We have little time for a God of hope in the rosy circumstances of the western world. In the growing turmoil of WW2 subsequent martyr Dietrich Bonhoeffer dared to observe “men turn to God when they are sore afraid …”, adding perhaps laconically “All men do so, Christian and unbelieving.” I’m not sure whether that is true seventy years after he wrote the words while awaiting execution in a Nazi gaol, but I suspect times of trial may cause a few more people than statistics suggest to cry out to the possibility of a God.

But Isaiah was daring not to believe just for a divinely executed exit strategy from tough times, but with his protégé Martin Luther or indeed the author of Psalm 46, dared to declare

Let goods and kindred go, this mortal life also;
The body they may kill: God’s truth abideth still,
His kingdom is forever.

I do not want to be tested on my ability to hold to Isaiah’s promise of light in darkness should the goings of my own life get tough.
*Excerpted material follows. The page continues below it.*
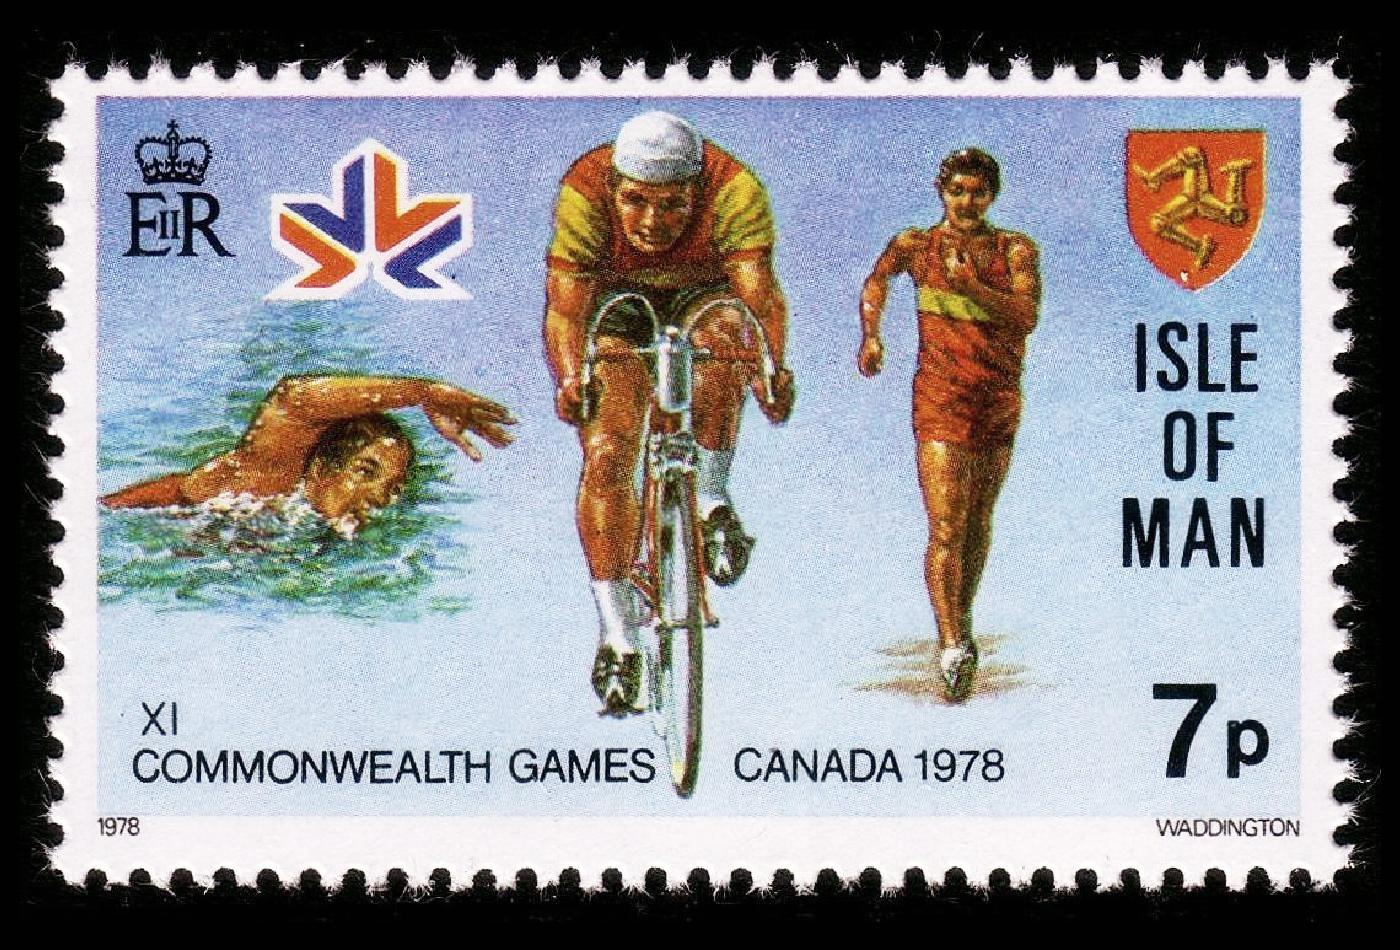 XI Commonwealth Games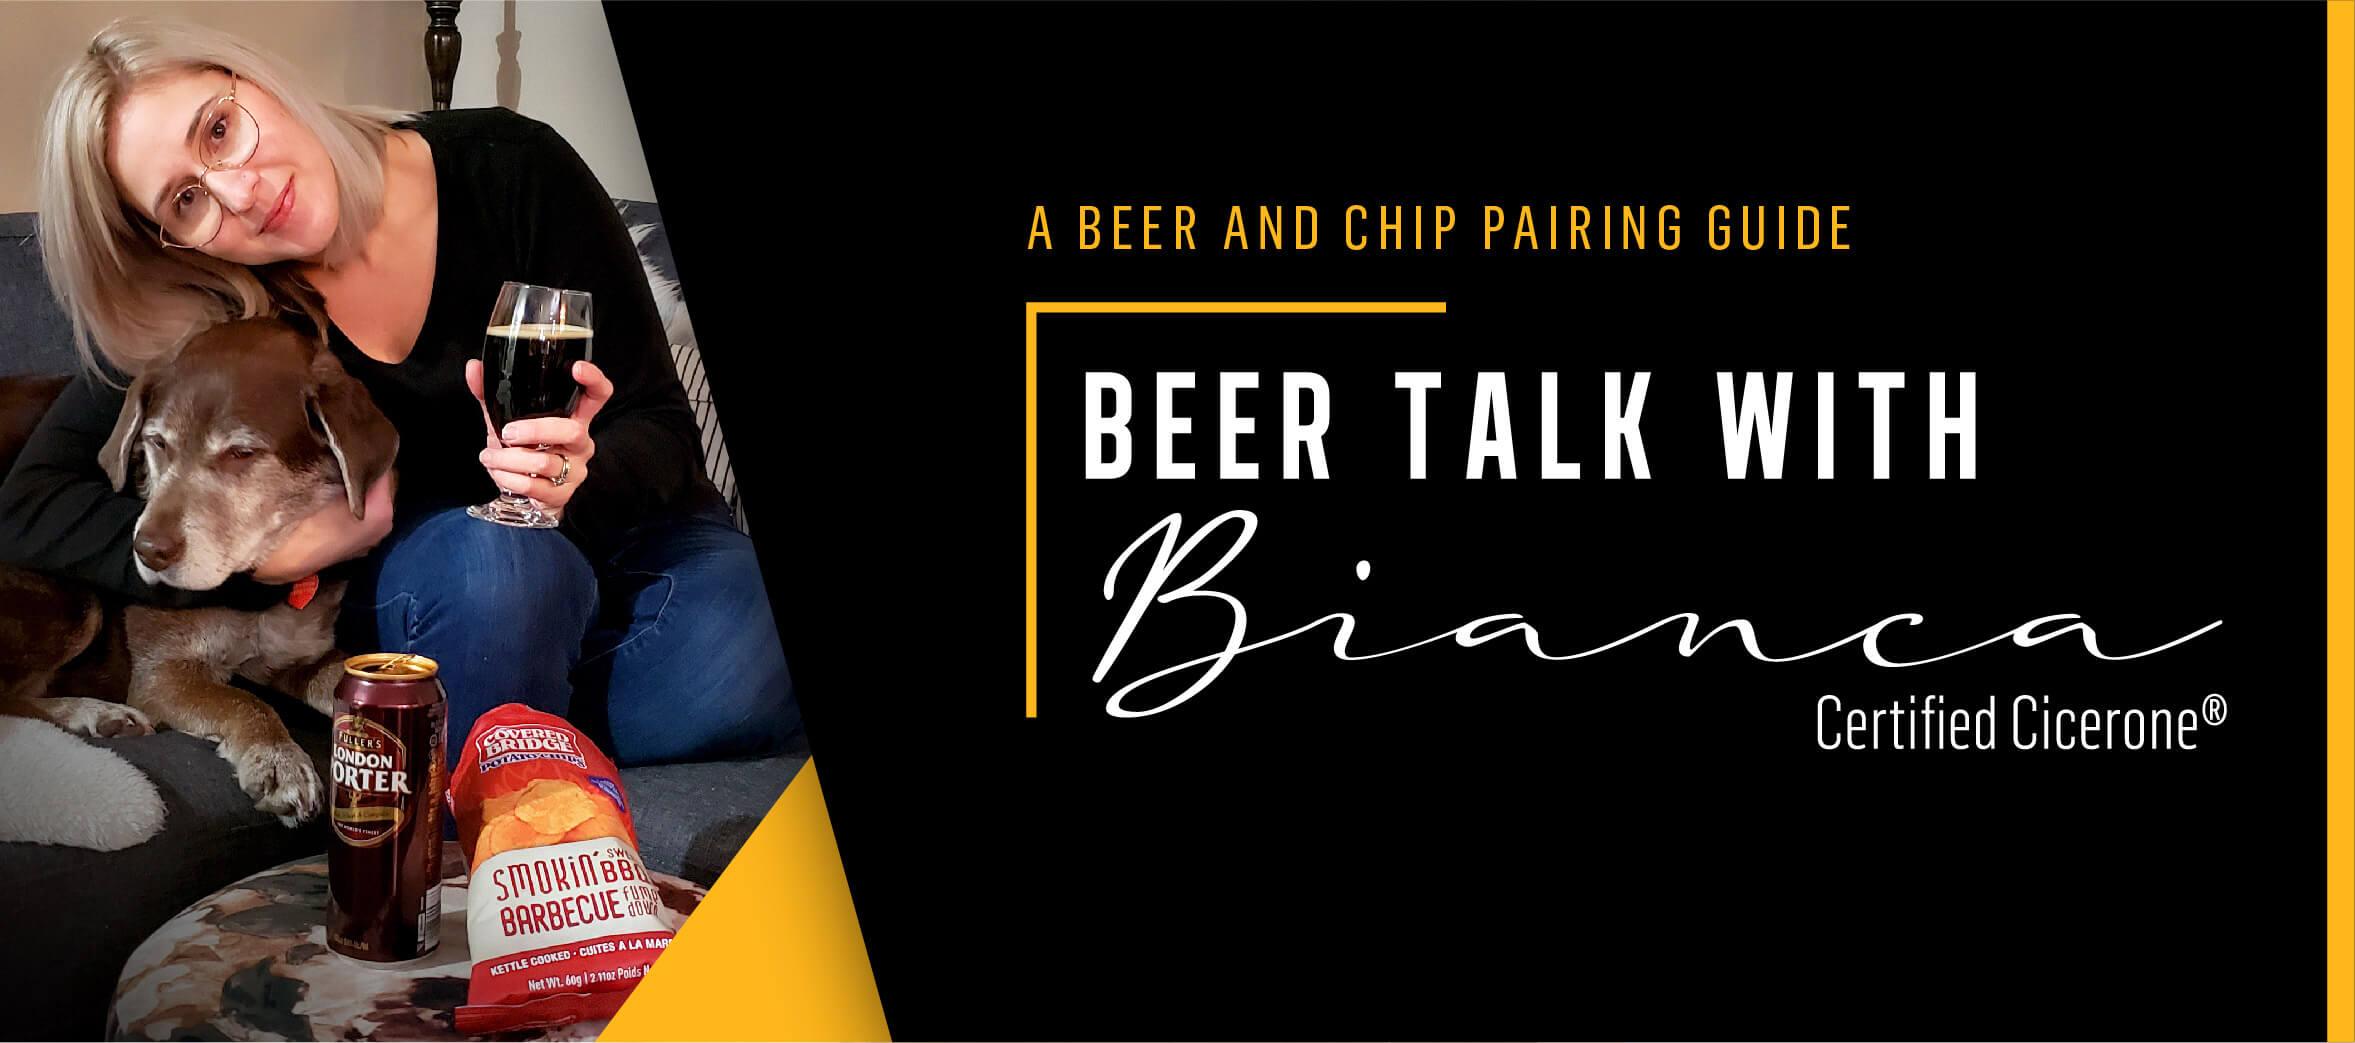 p8-20-beer-talk-header-en

Nevertheless the preservation of these words for nearly three millennia, and their entwining over and again, their plaiting together with more and more words of light in darkness and promise amidst despair, suggests that enough people have found in them not just discomfort-abating remedy but deep life-and-death-transforming hope where all else has failed, even when death is the seeming final word.

A challenge for us is that we are called to embody this hope in the lives of those around us, we are called to mission Christlike hope and justice and compassion in our quite cosy world. To be honest few of us will succeed terribly well. But we may, as we surrender ourselves over and again to the One we call Light-in-Darkness and Hope-in-Despair, we may participate in that great movement of God’s Spirit that will ultimately birth the New Heavens and New Earth of the vision of later chapters in Isaiah and of the Book of Revelation. It is to that task we are commissioned each time we pray and break bread together.